General News of Friday, 4 November 2016

Source: classfmonline.com

Ayariga hasn’t passed test yet - Frank Davies

Hassan Ayariga speaking to some journalist at the court premises Hassan Ayariga speaking to some journalist at the court premises

Mr Hassan Ayariga and his lawyers should not “deceive” themselves that Friday’s High Court ruling ordering the Electoral Commission to give the APC flag bearer the chance to correct mistakes he made on his nomination forms for which reason he was disqualified from the race, is an automatic scaling of the nomination hurdle, private legal practitioner Frank Davies has said.

“The fact that you have been ordered to go and correct whatever anomalies there are on your forms does not necessarily mean that you have passed the test of the nomination.

“So, if you have been given a chance to go and correct, what comes after the correction? So it’s not cast in stone. Nobody should deceive himself or herself …” Mr Davies told Naa Dedei Tettey on 12Live on Class91.3FM on Friday shortly after the court ruling in response to Mr Ayariga’s lawyer Maxwell Logan who argued that: “I find no logical reason why any decision in the Supreme Court should affect us…”

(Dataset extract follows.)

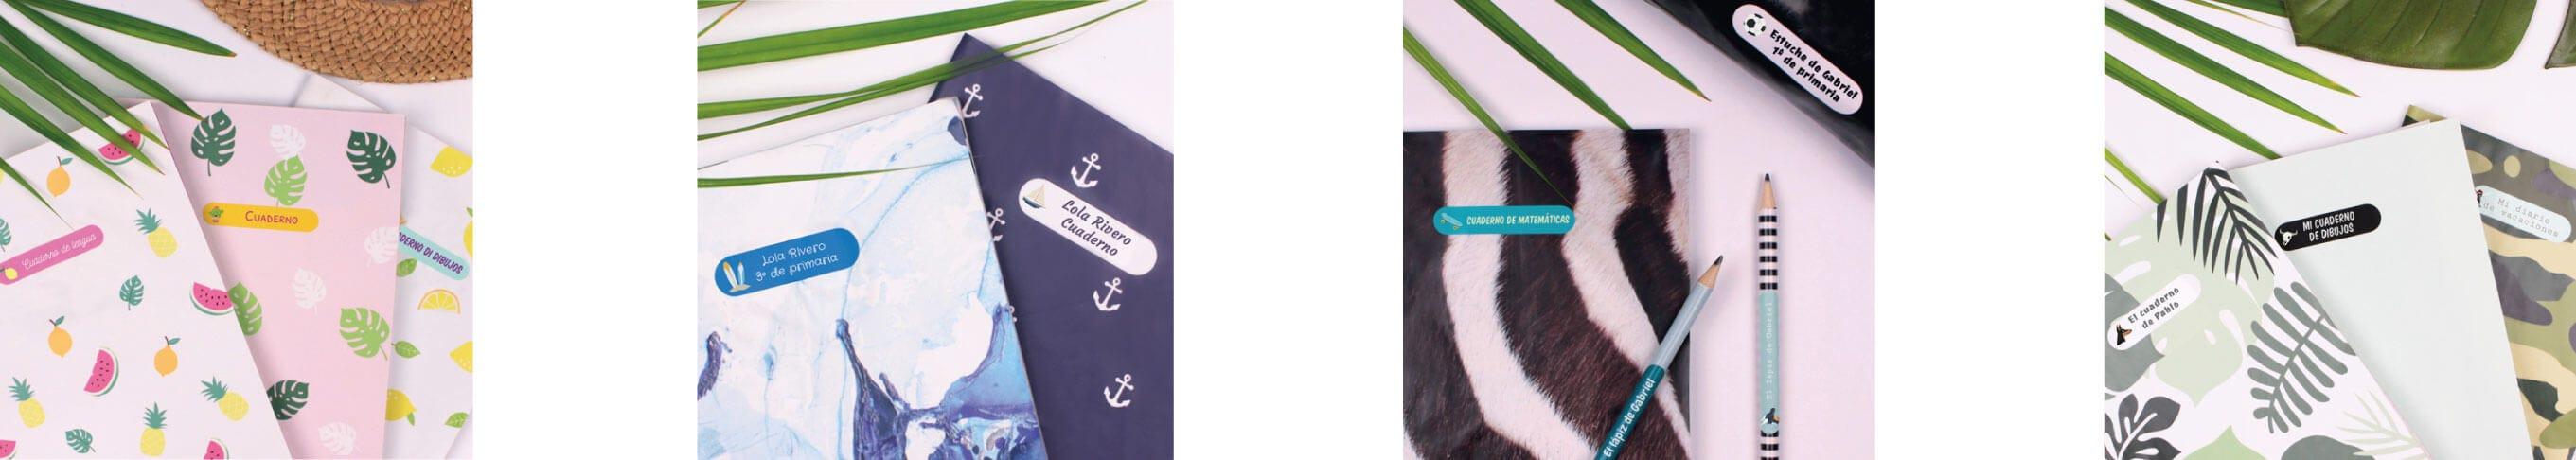 personaliza cada etiqueta con el multipack

The Supreme Court will on Monday, 7 November determine a certiorari application filed by the EC to quash a similar ruling by a High Court in favour another disqualified nominee, Dr Papa Kwesi Nduom, flag bearer of the Progressive People’s Party.

Mr Davies said: “The Supreme Court is going to determine the essence of the very rulings that have been given in those courts. That is why it is the highest court of the land. … So if what has happened in the High Court is not in reflection with what the Supreme Court is going to say on Monday, nobody can stand on that ruling. That ruling in law becomes recused. So I think we should all wait for what the Supreme Court will say.”

Mr Logan, however, argued that: “Mr Davies’ position, in my view, is wrong. When a court makes a pronouncement, and there is a similar matter concerning different parties in a superior court, the decision of the superior court does not automatically affect the judgement of the lower court unless the losing party in the lower court comes by way of an appeal to the lower court and says: set aside the decision because the Supreme Court has decided otherwise.

So there will be no automatic effect on the decision of Justice Charway today unless the EC effects an appeal or a certiorari process in the Supreme Court.”